═══ DATA EXTRACT ═══
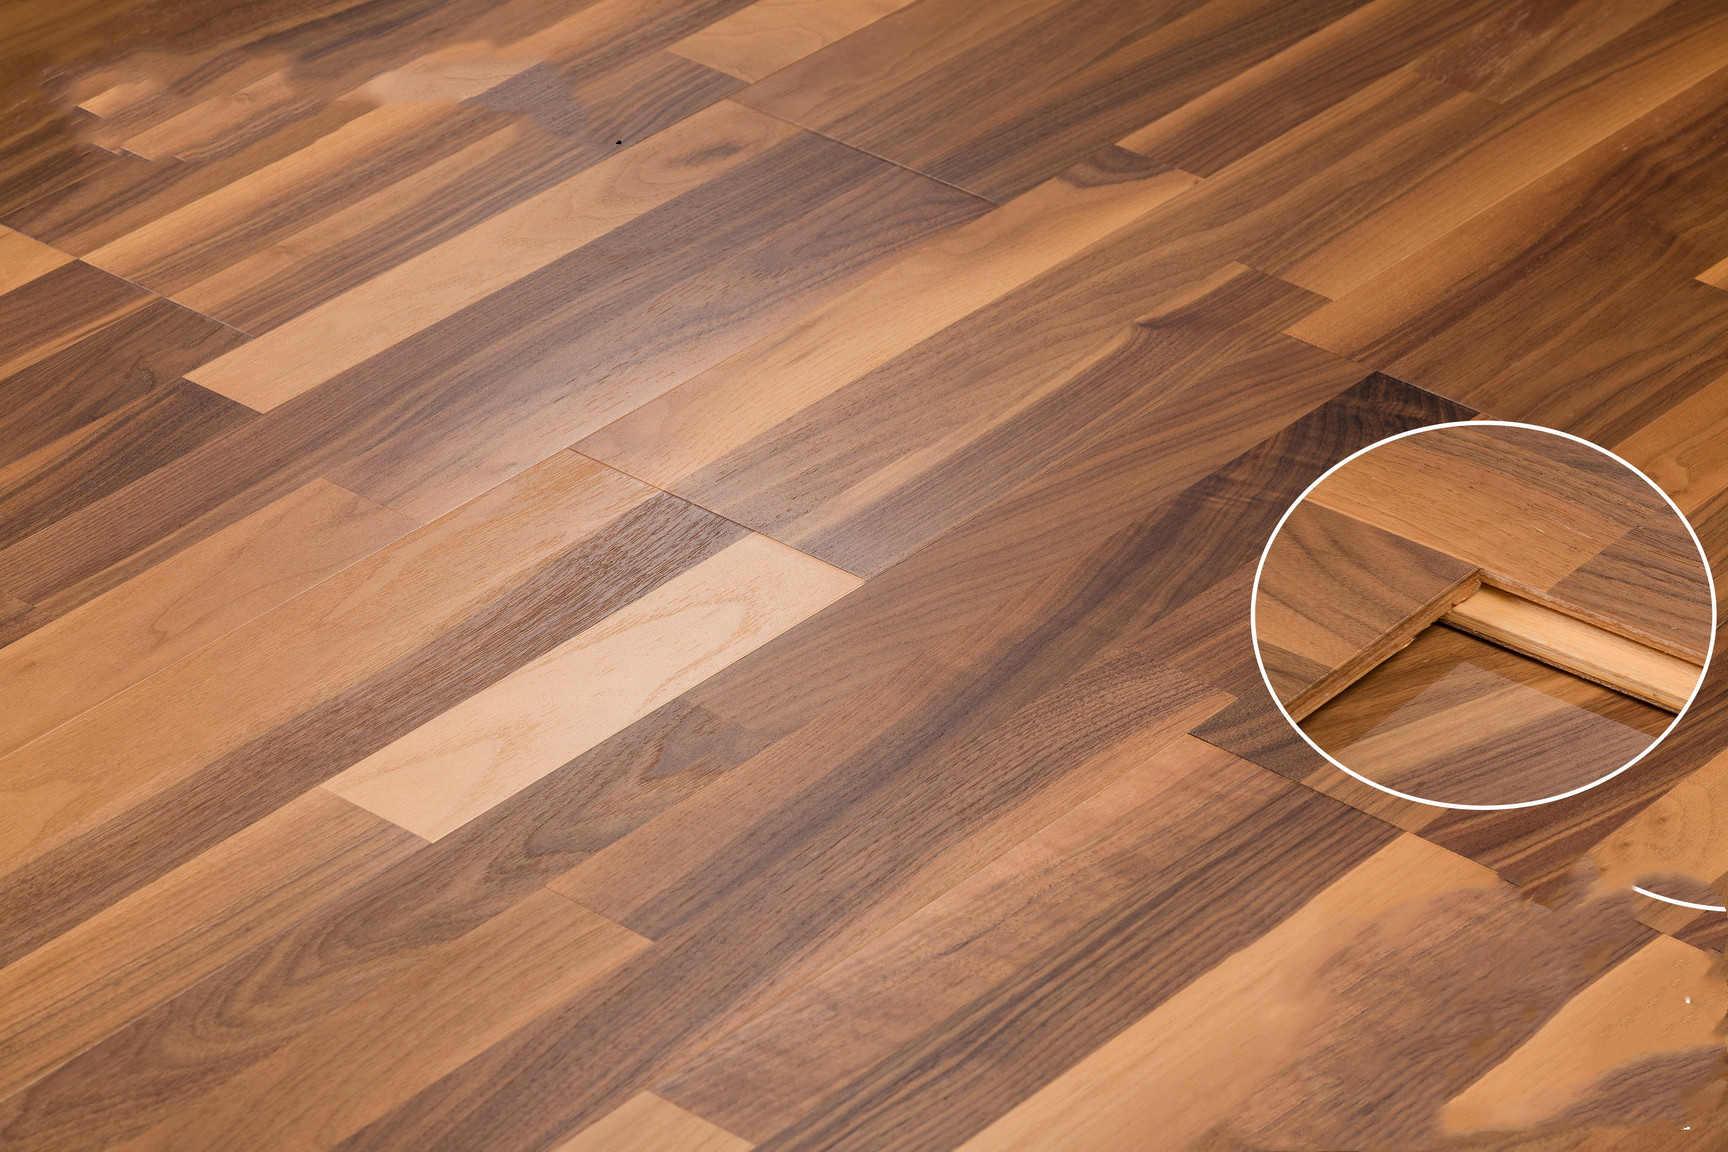 厂家推荐无锡进口三层实木地板想要购买好的无锡进口三层实木地板找哪家
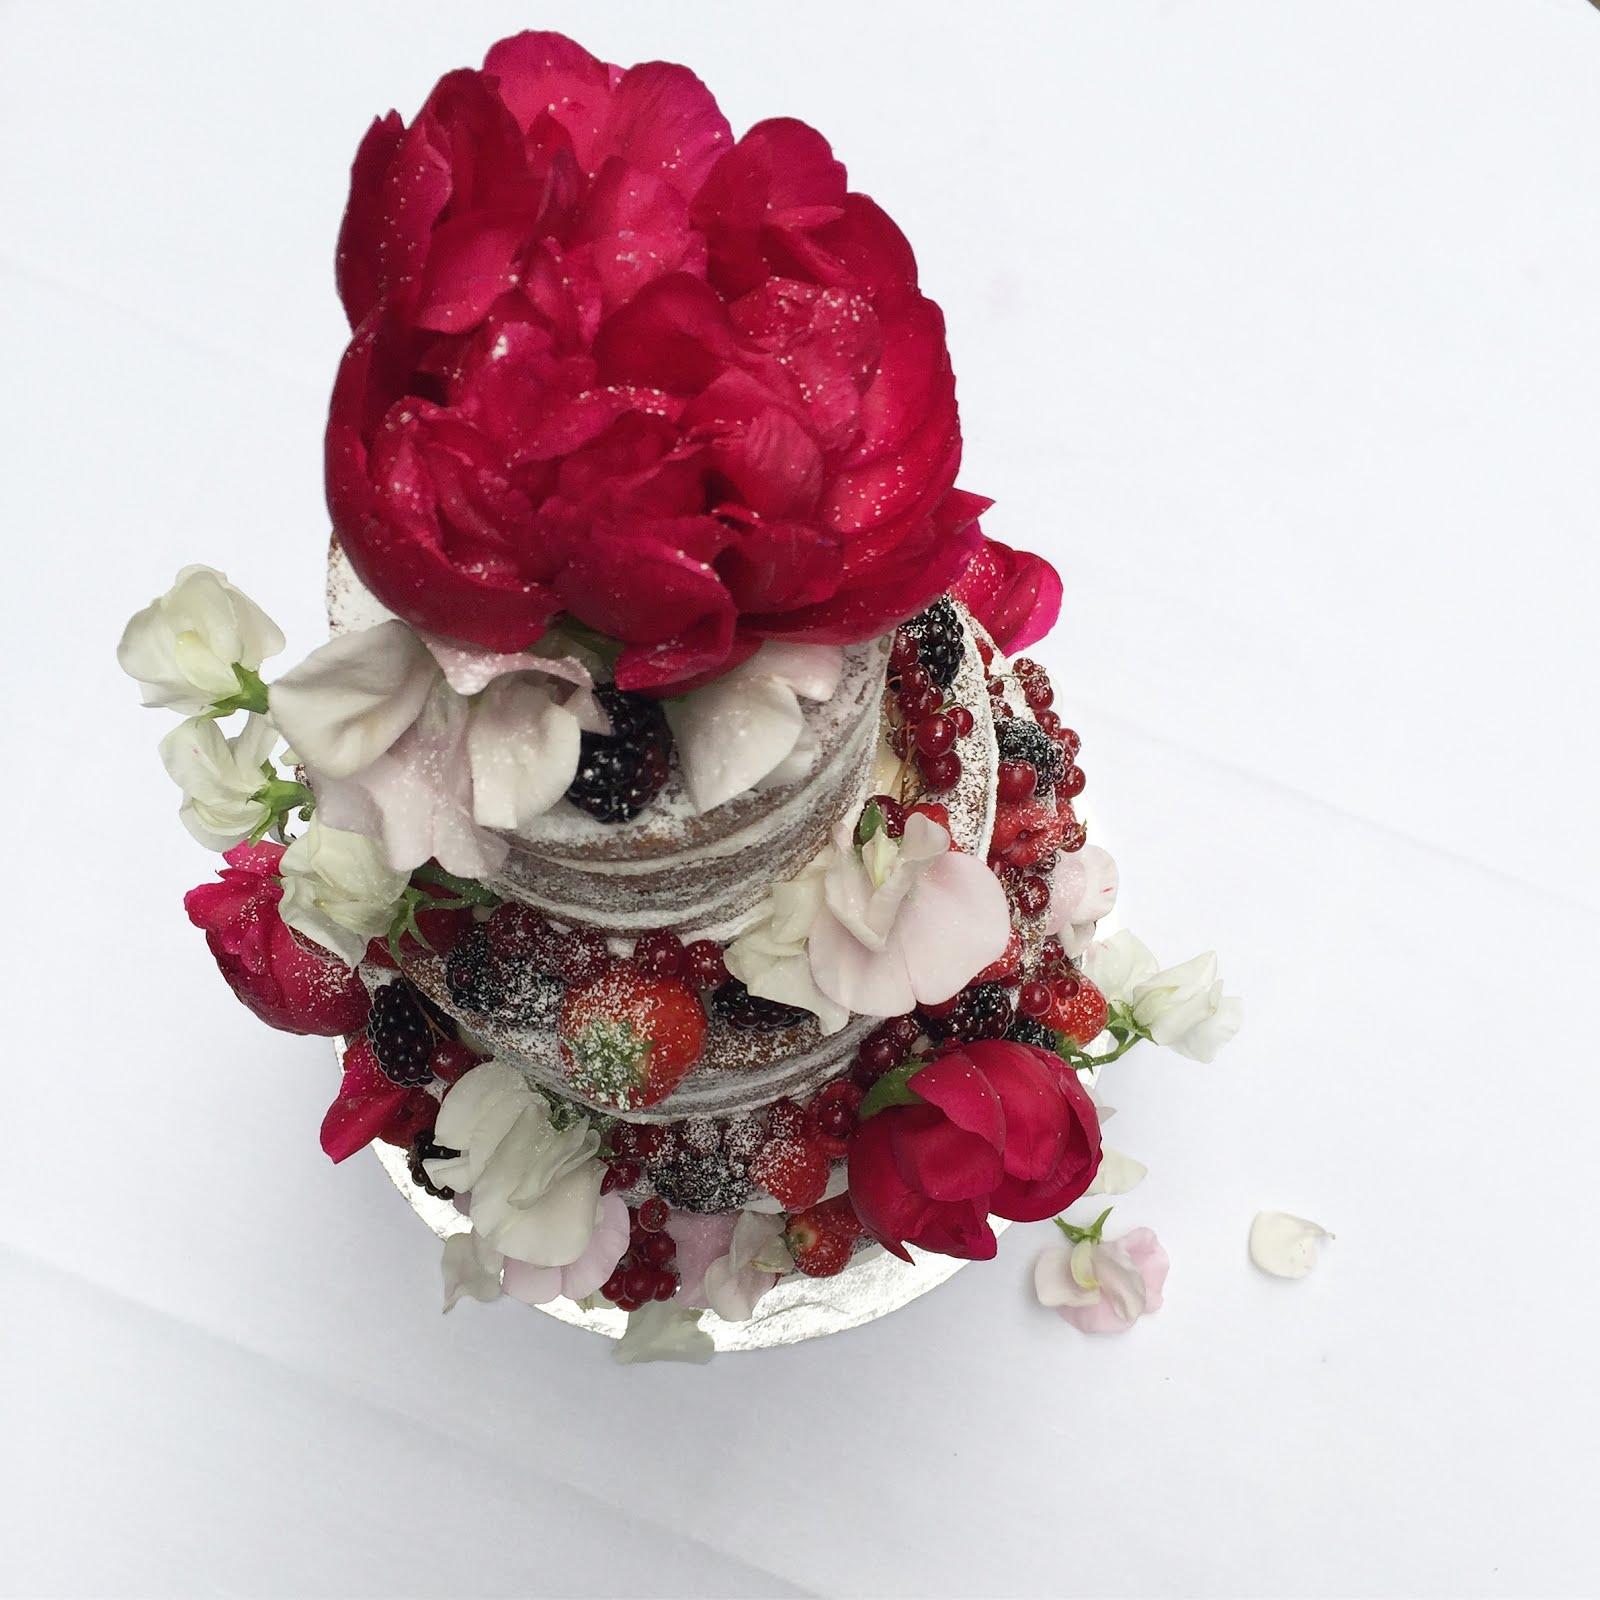 03.访问我的新婚蛋糕网站!
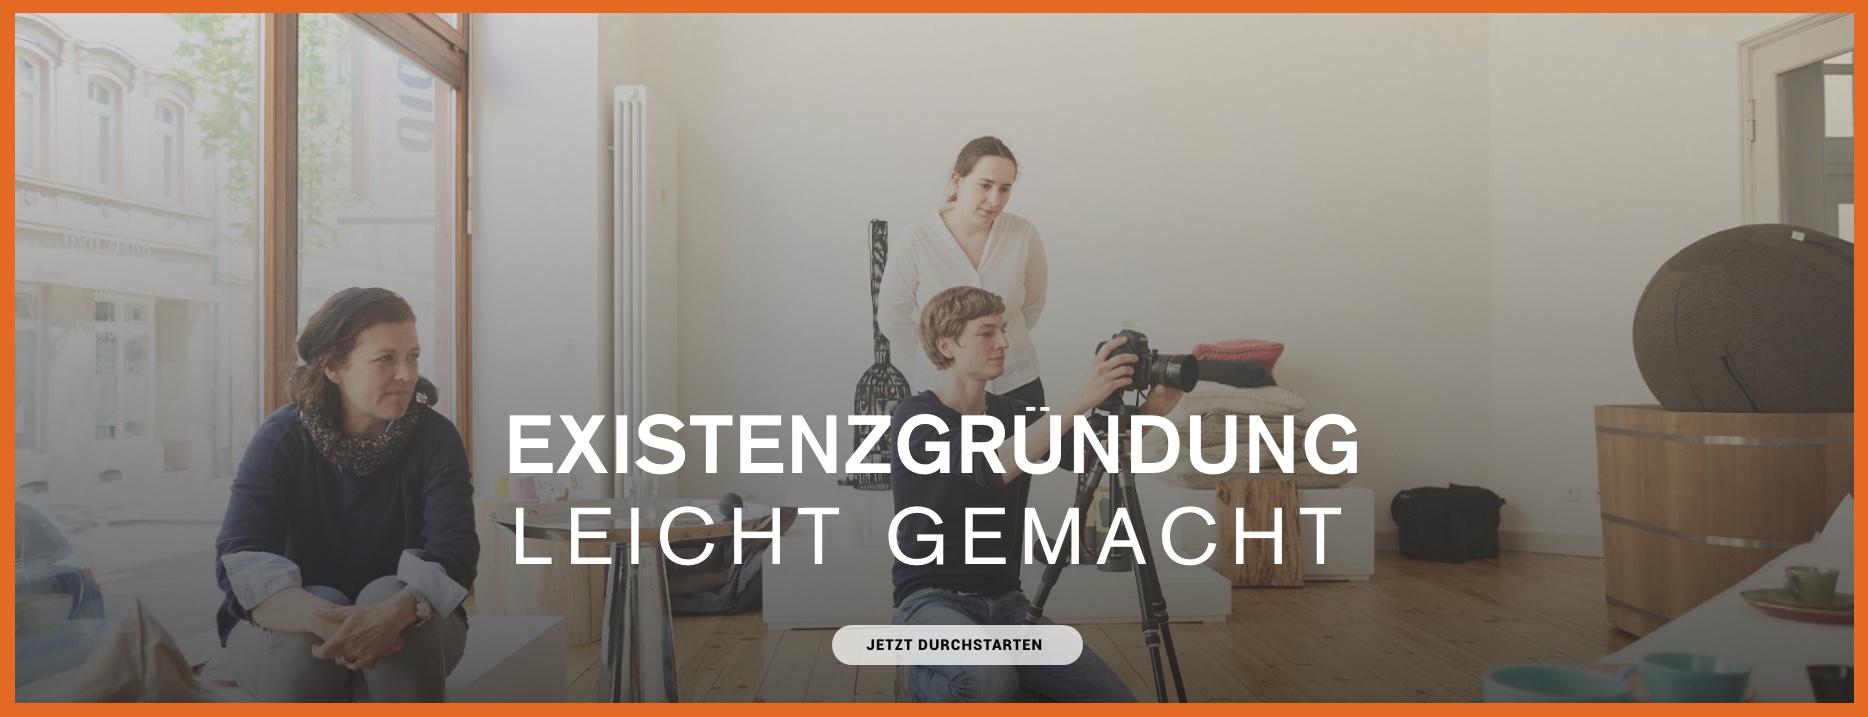 gr nderinnenzentrum gig7 in mannheim relaunch internetpr senz millenium werbeagentur. Black Bedroom Furniture Sets. Home Design Ideas
═══
Repeat the material exactly as it reads, without any of its pictures.

 厂家推荐无锡进口三层实木地板想要购买好的无锡进口三层实木地板找哪家
 03.访问我的新婚蛋糕网站!
 gr nderinnenzentrum gig7 in mannheim relaunch internetpr senz millenium werbeagentur. Black Bedroom Furniture Sets. Home Design Ideas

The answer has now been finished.